> _Aim of the task_
Nothing should appear in the answer except the lines below from the line containing "Creamy cucumber salad" through the line containing "1783-M 1/2 Carlios", copied exactly, with pictures left out.

== Information

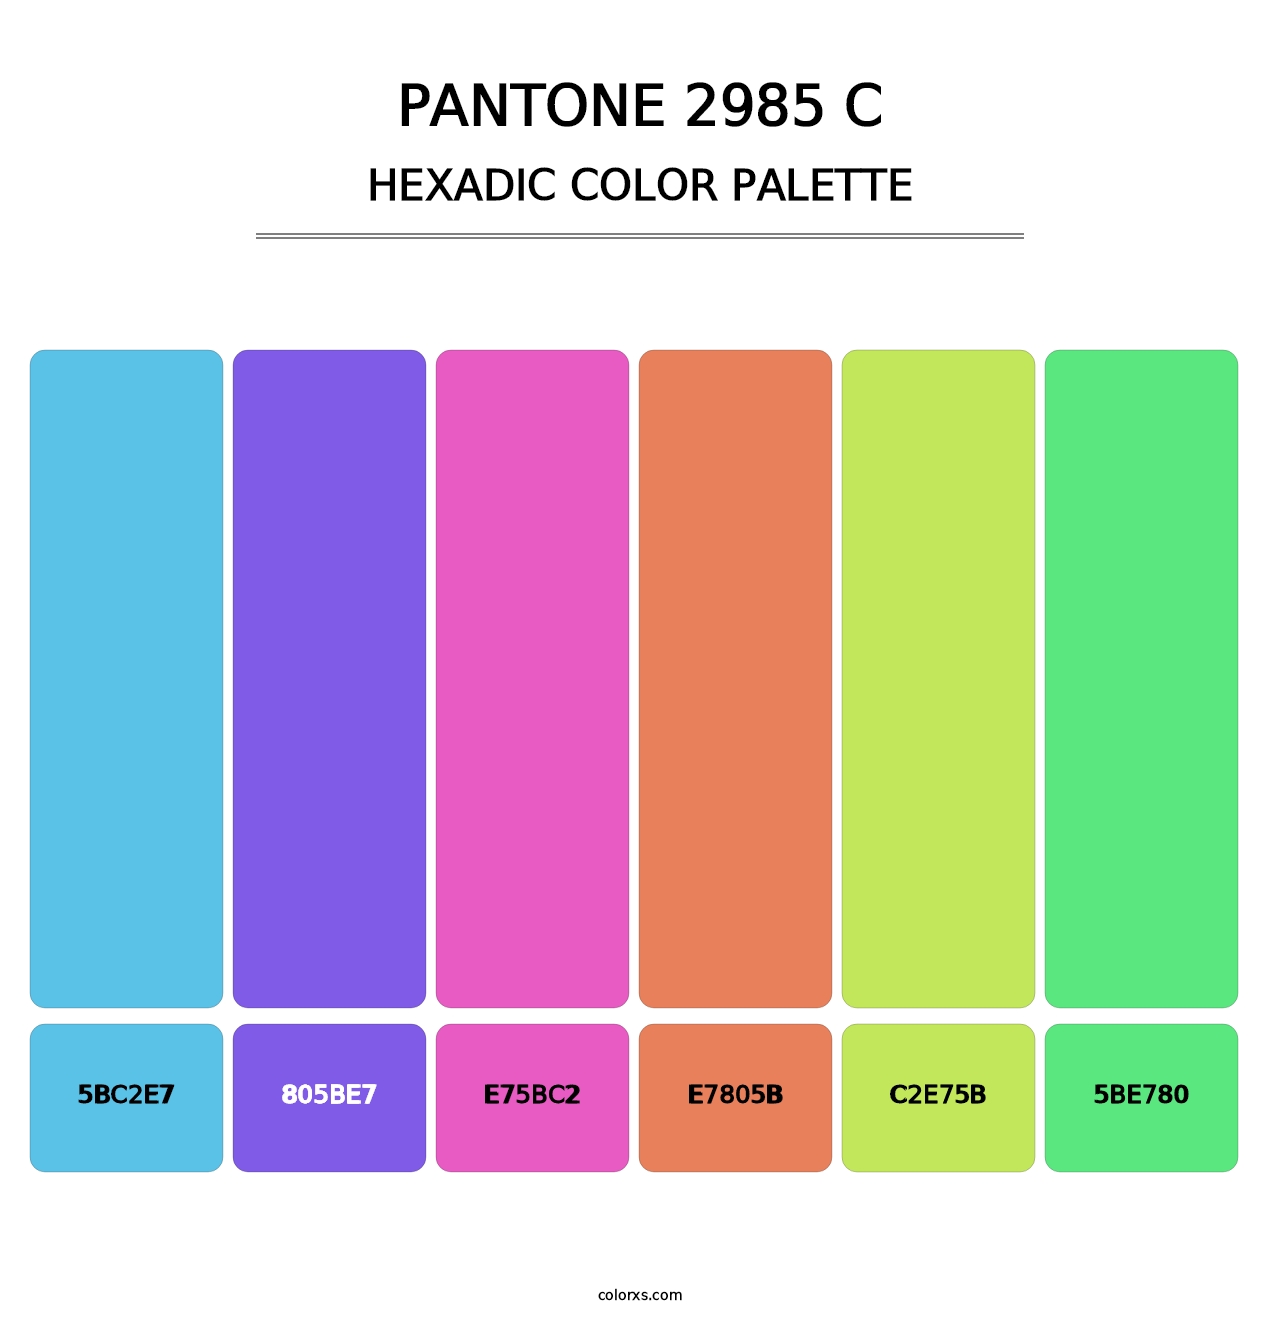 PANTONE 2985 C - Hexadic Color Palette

====
== Information

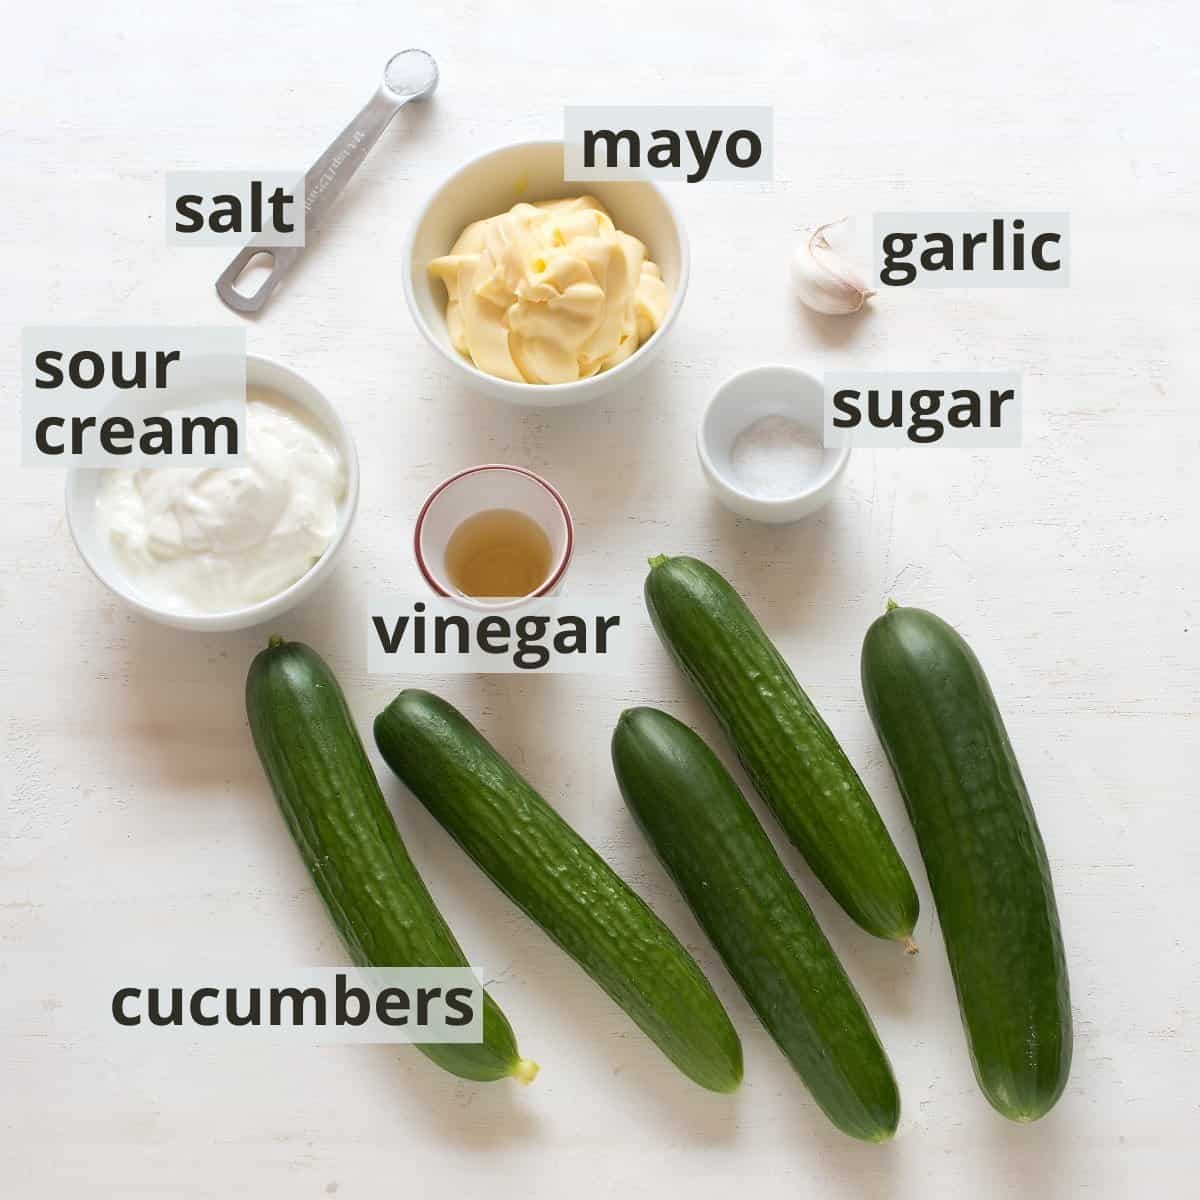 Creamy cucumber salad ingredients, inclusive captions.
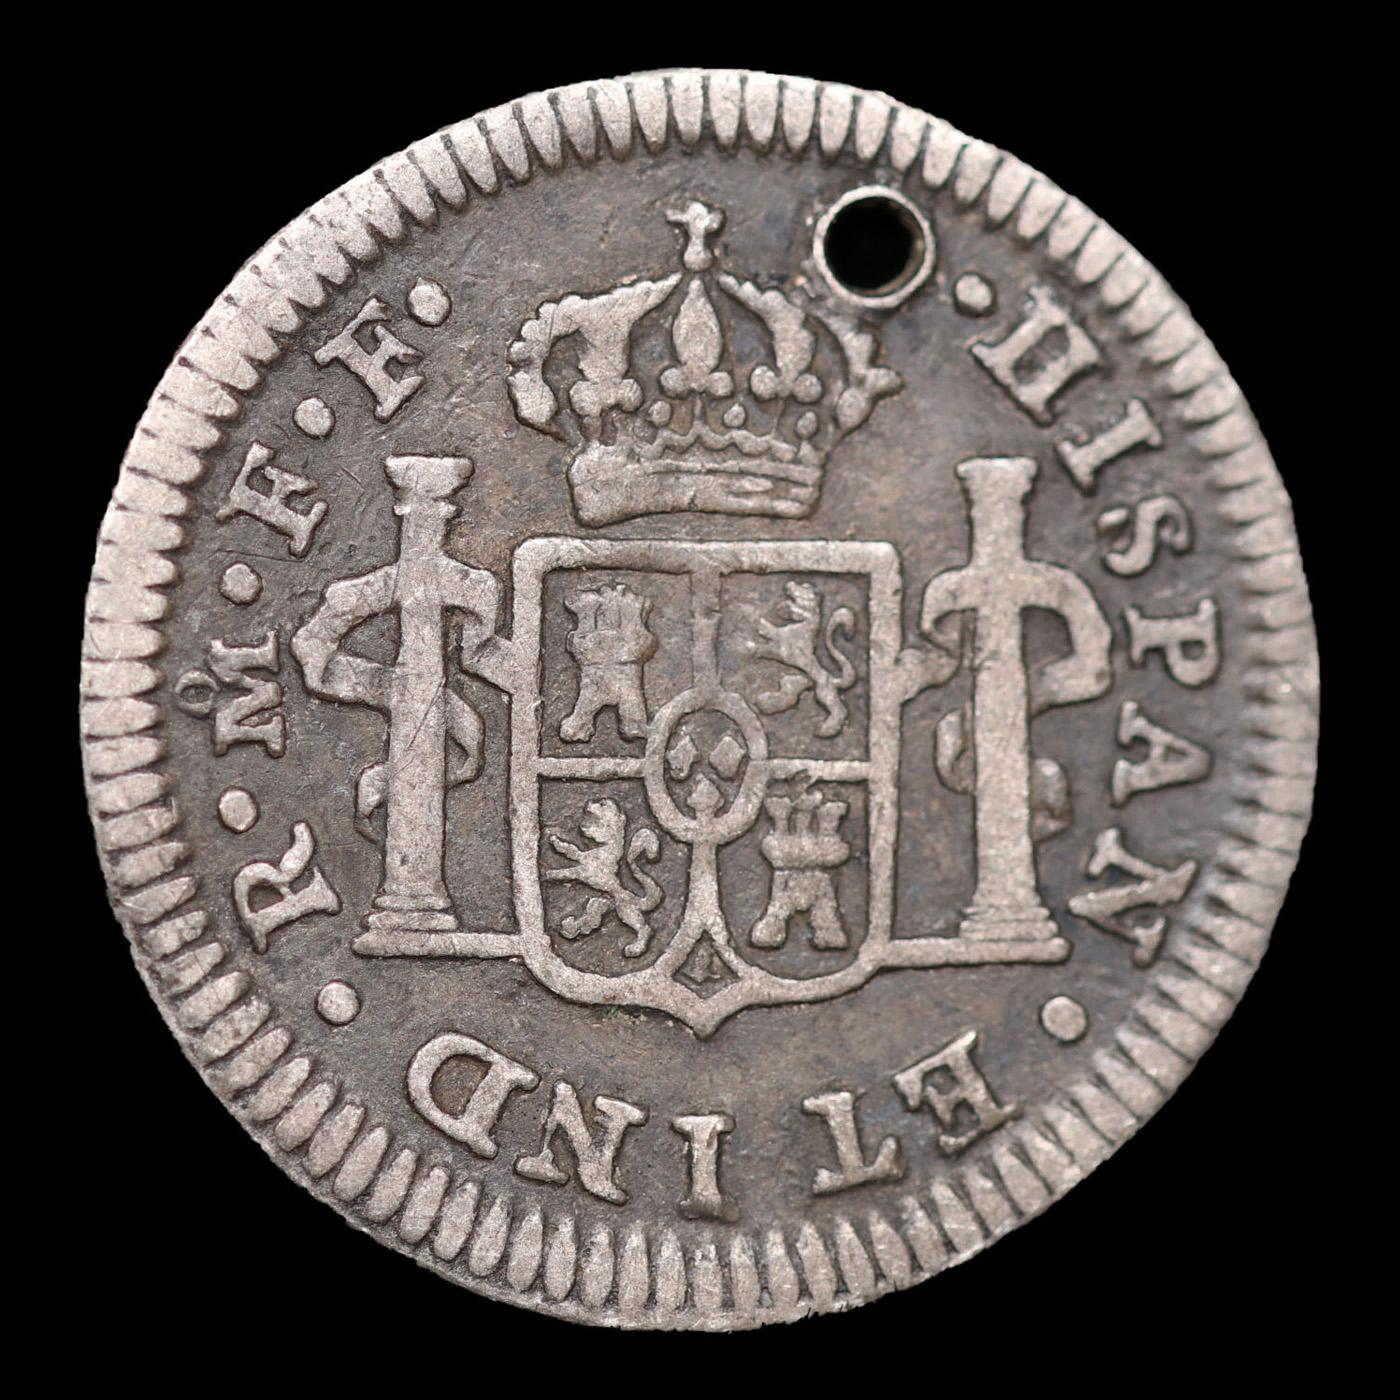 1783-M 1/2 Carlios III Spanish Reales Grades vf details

====

> _Exercise solution_
 Creamy cucumber salad ingredients, inclusive captions.
 1783-M 1/2 Carlios III Spanish Reales Grades vf details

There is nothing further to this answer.